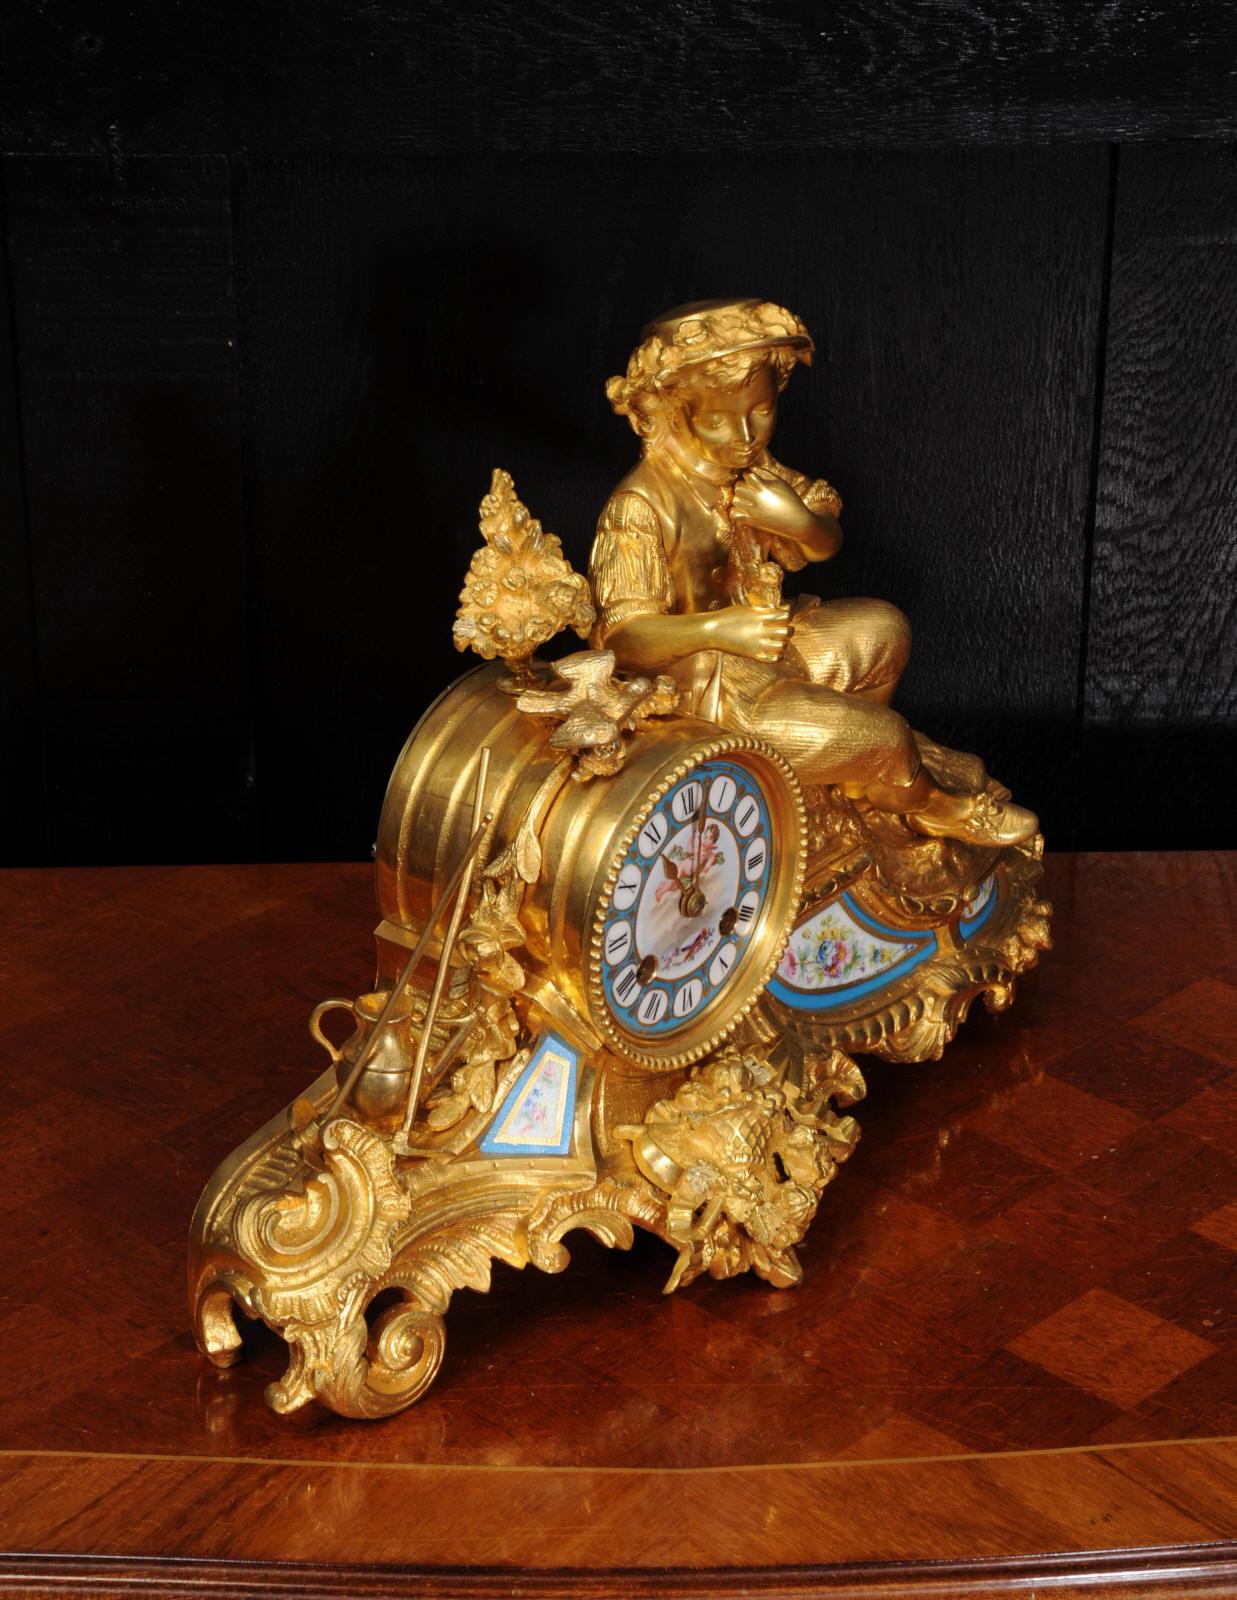 Baroque Japy Freres Ormolu and Sevres Porcelain Clock, the Gardener, Antique French 1860
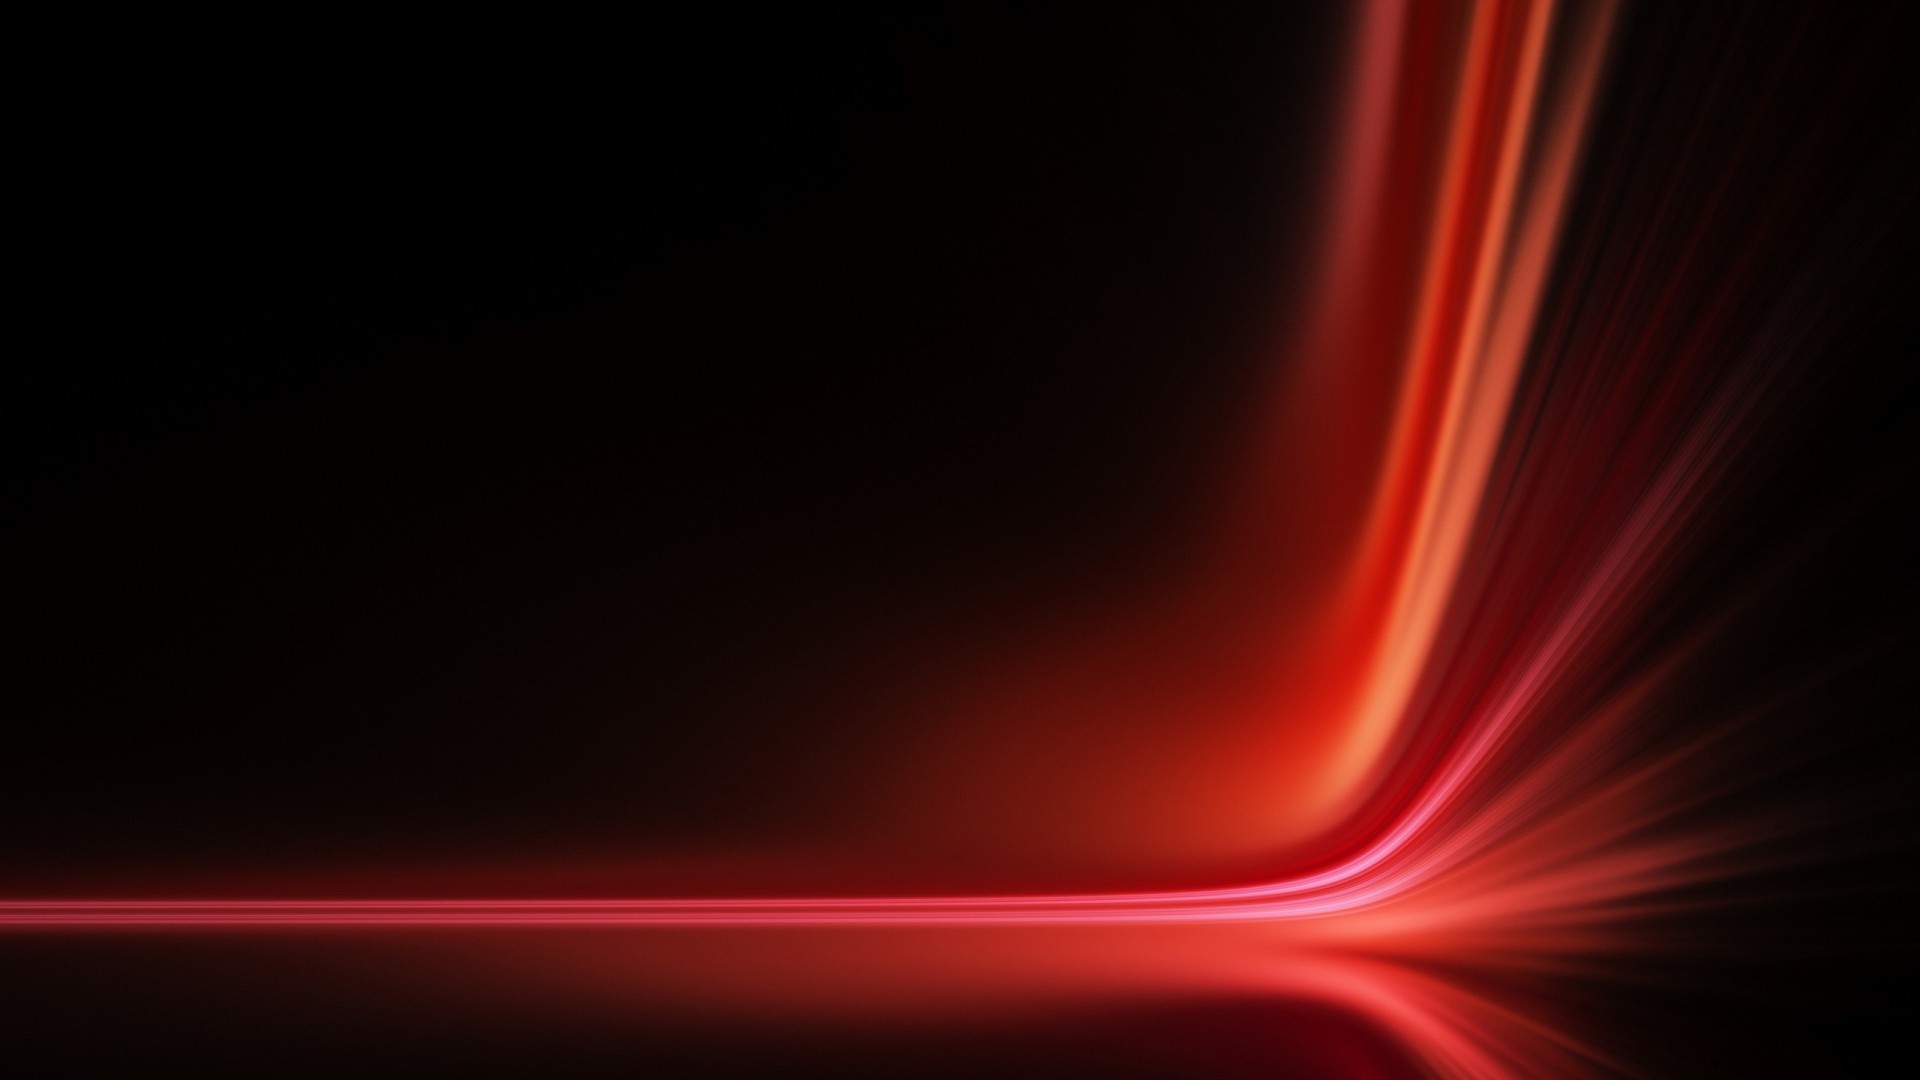 1920x1080 Download Wallpaper Abstract Red Background 1 HD Wallpapers
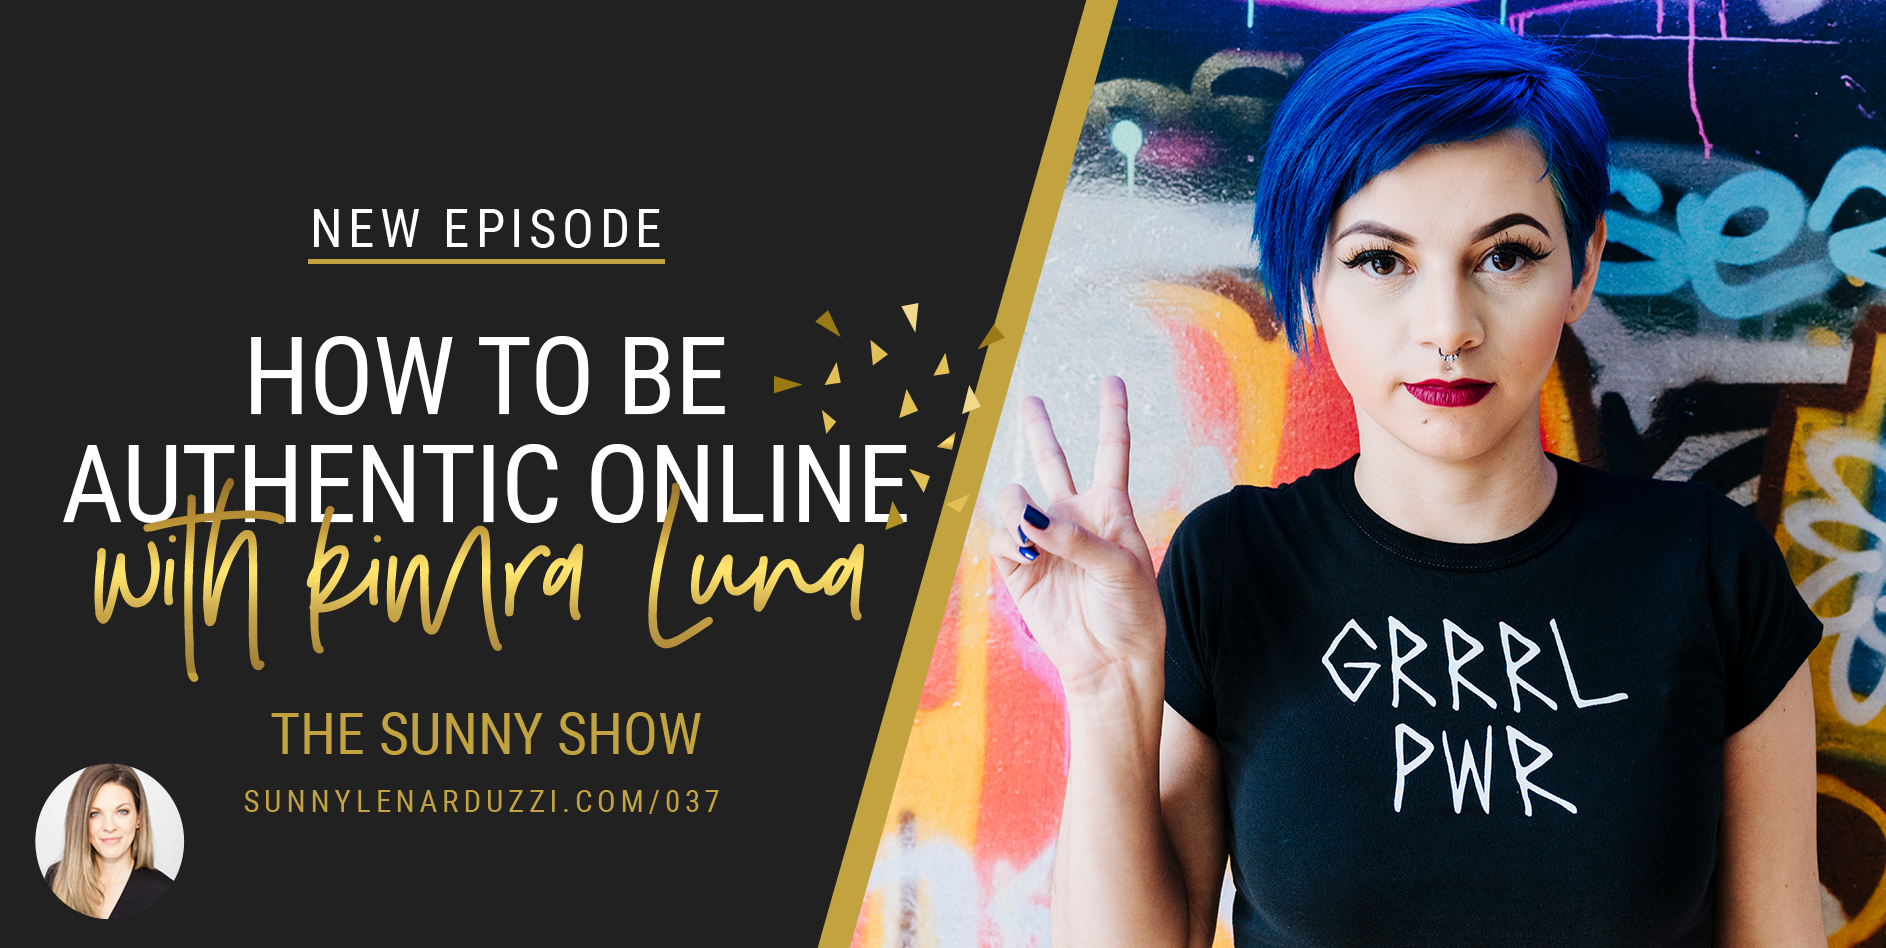 How to Be Authentic Online with Kimra Luna
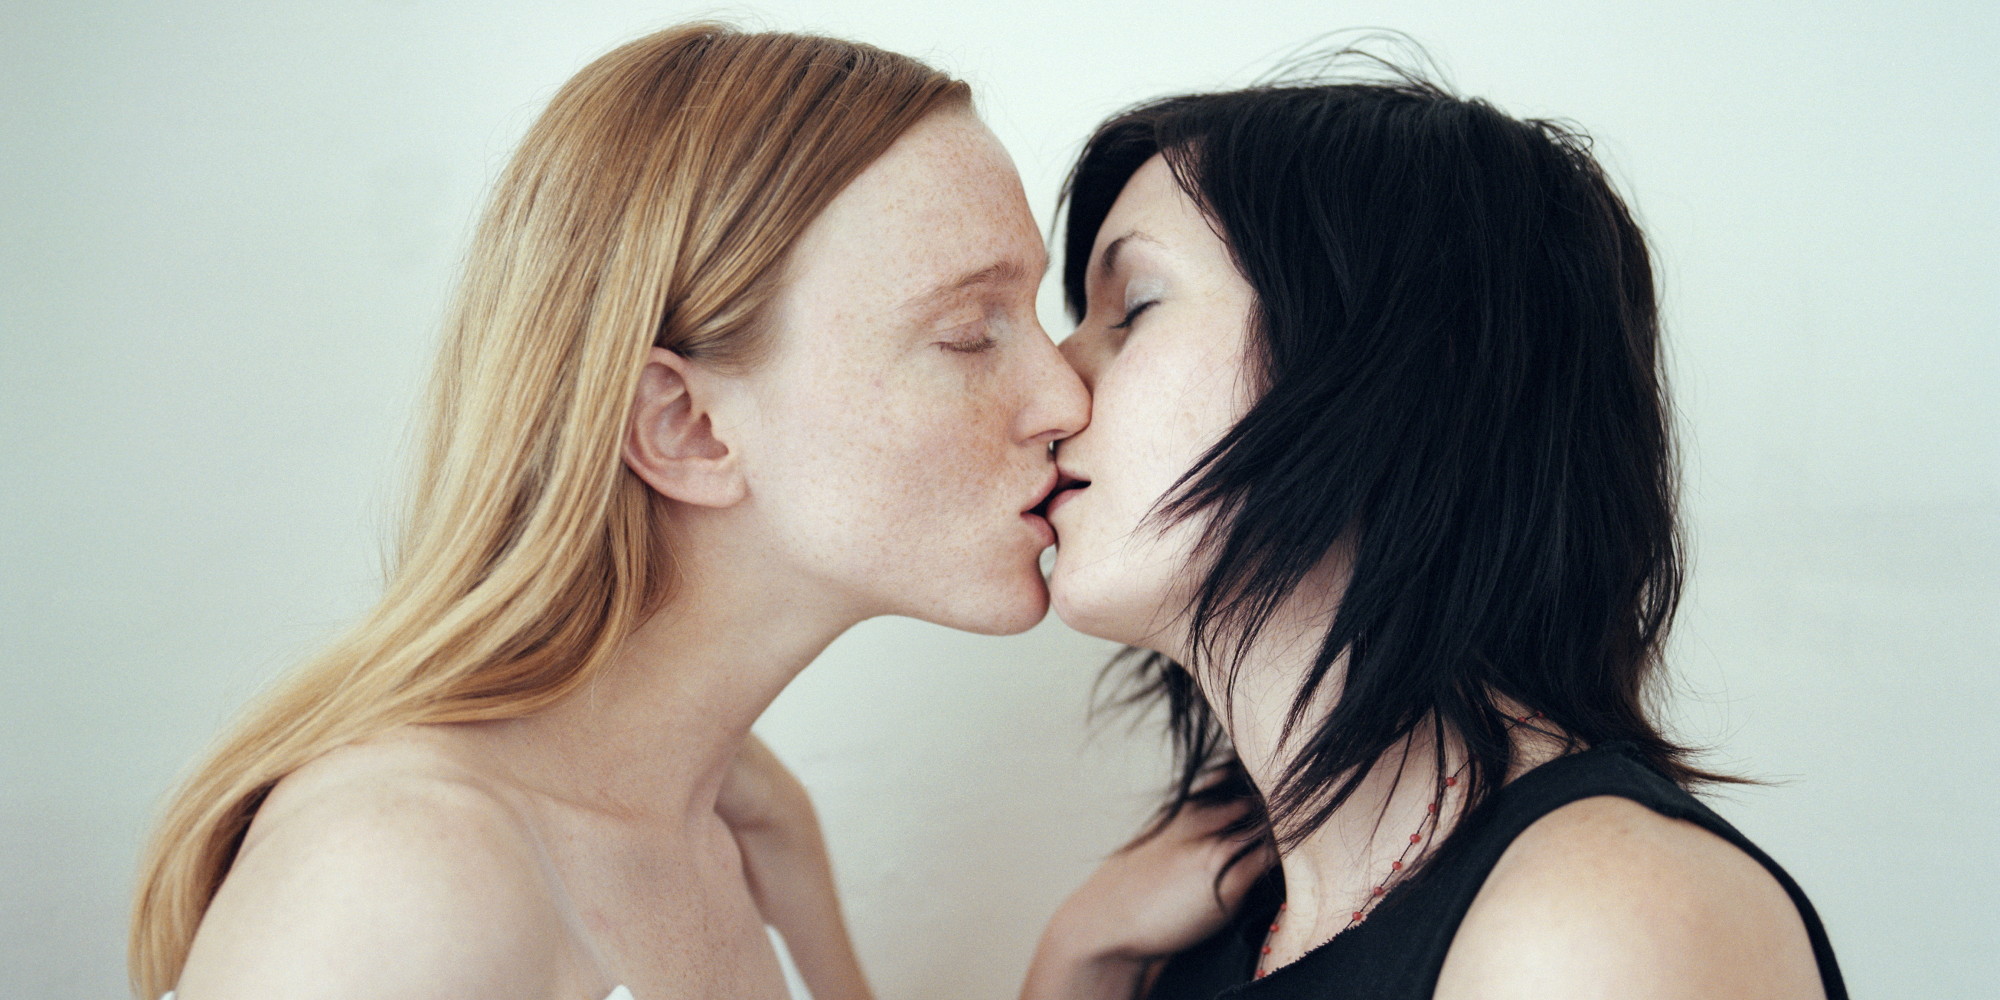 Extremely Hot Teen Lesbians Fuck 115
-*-*-
▸ **DIRECTIONS**: Skip all pictures. Write out only the lines from the one containing "1920x1080 Download Wallpaper" to the end of the listing above, inclusive, exactly as given.

▸ **REPLY TO THE TASK**:
 1920x1080 Download Wallpaper Abstract Red Background 1 HD Wallpapers
 How to Be Authentic Online with Kimra Luna
 Extremely Hot Teen Lesbians Fuck 115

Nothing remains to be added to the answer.